Employment contracts at the level of the individual also constitute a source of regulation of employment relationships. Individual employment contracts must necessarily respect all conditions established both in laws and regulations and in applicable collective bargaining agreements.

Finally, the social security system provides coverage for a number of contingencies, including unemployment, temporary or permanent disability, retirement and death, salary guarantee funds in case of company insolvencies, and for widows and orphans. To pay for this coverage, every employer and employee must make contributions to the social security system. Contribution amounts are proportionate to the salary each employee receives. The social security system also provides universal healthcare coverage.

II PROCEDURE

Under Spanish employment law, disputes between employers and employees may be resolved through individual or collective procedures, mainly depending on the specific nature of the dispute and the number of employees involved.

i Individual procedures

Individual procedures are the most common type of litigation procedure in Spain.

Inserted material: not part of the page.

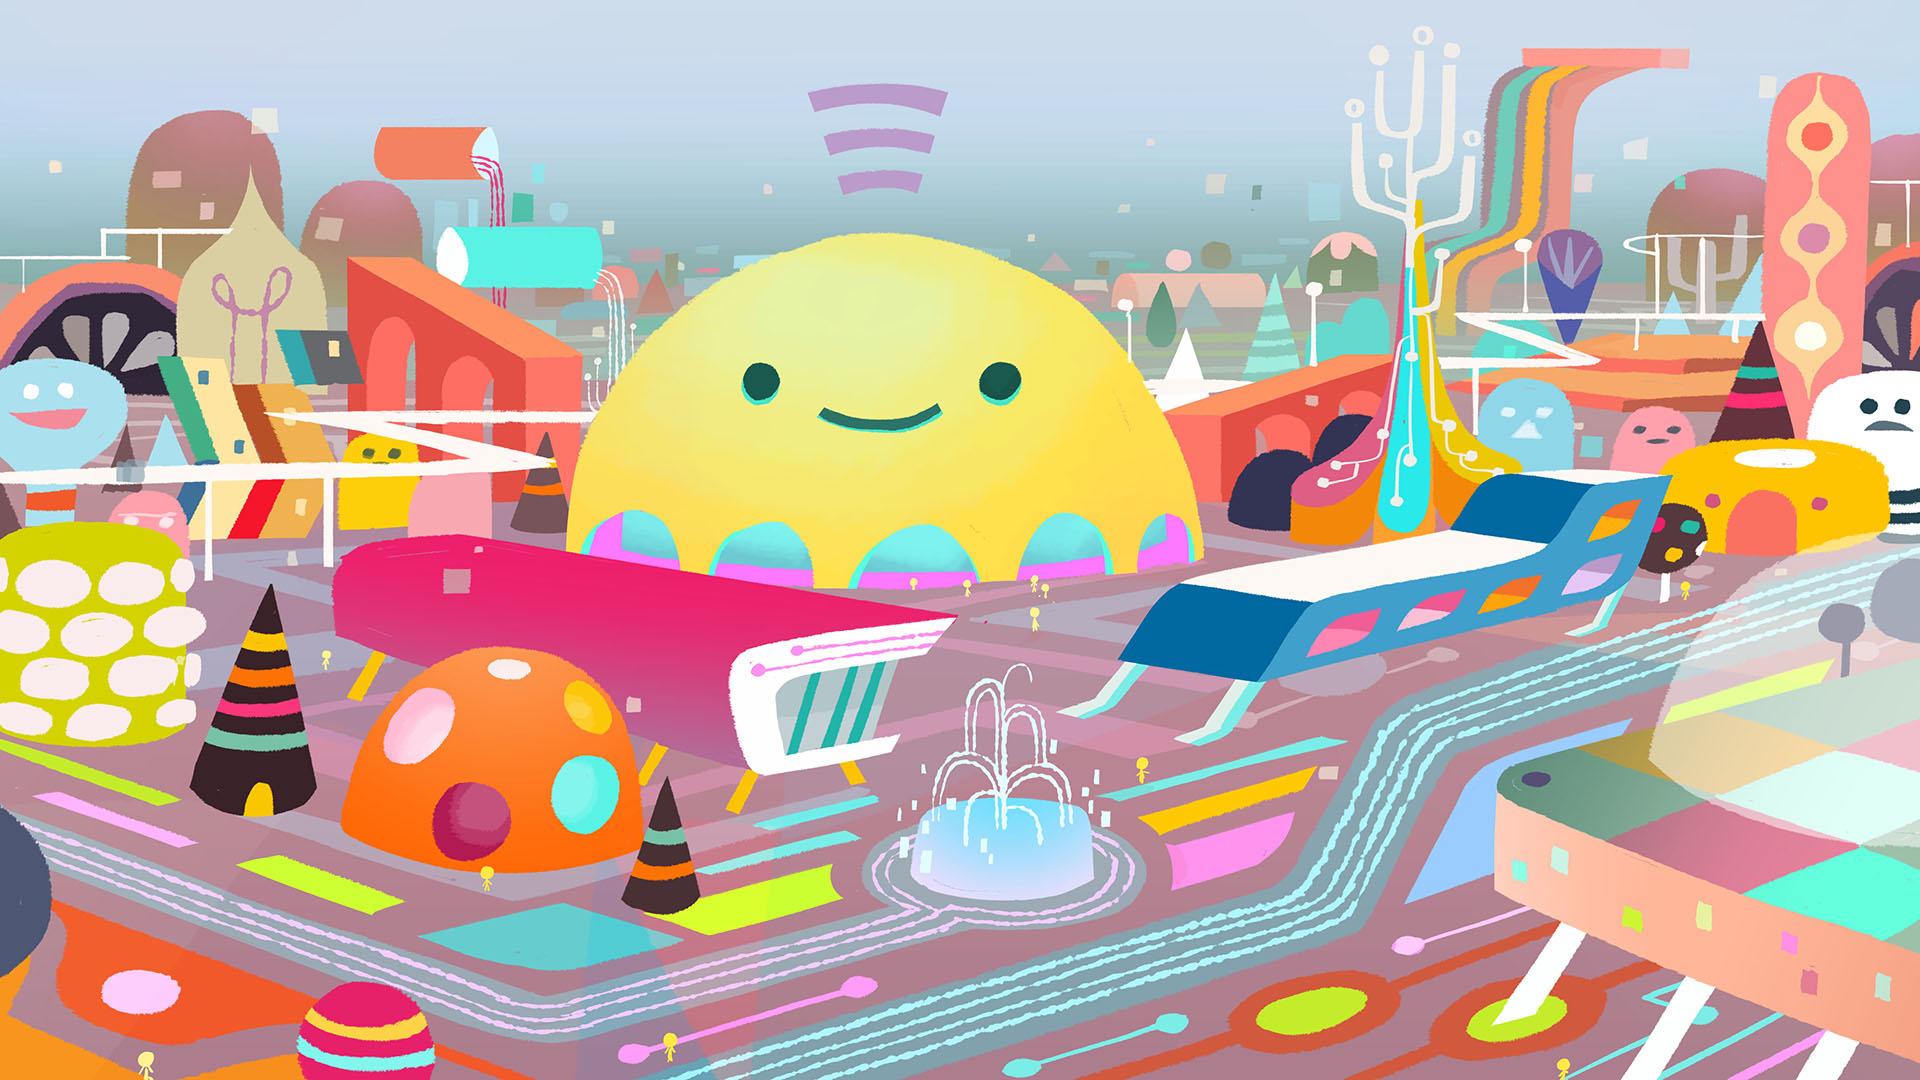 Early emoji city exploration

They are usually initiated by employees, although employers may also initiate them under certain circumstances (usually to claim amounts from employees, such as back pay compensation or damages arising from a breach by the employee of a post-contractual non-compete covenant)

To initiate an individual procedure, the employee must first file an administrative claim before the relevant regional conciliation service requesting a conciliation hearing with the company. (Note that exceptions to this process are made in the case of certain specific procedures, such as annual leave procedures or procedures for the modification of working conditions.) The filing of a claim prior to the start of the formal procedure before the employment courts is mandatory. The administrative claim shall include the main terms of the lawsuit that will be pursued in court and will result in a conciliation hearing, with both parties summoned to try to settle the case. In practice, a significant number of disputes are resolved by means of agreements reached through the conciliation services, which helps reduce the number of court procedures.

If no agreement is reached through the conciliation service, the claimant is entitled to file his or her lawsuit with the employment court. The employee must include in the written claim the arguments that will be used at the trial in court, so that the defendant is apprised of them prior to the court hearing and is therefore able to defend the case.

The parties can reach an agreement and settle the case at any time before the court hearing takes place, otherwise they shall appear before the court on the date of the hearing. On that date, prior to the hearing, the parties will again be asked to hold a mandatory conciliation hearing before the judge to try to settle the case. Should there not be a conciliation between the parties, the hearing will take place subsequently.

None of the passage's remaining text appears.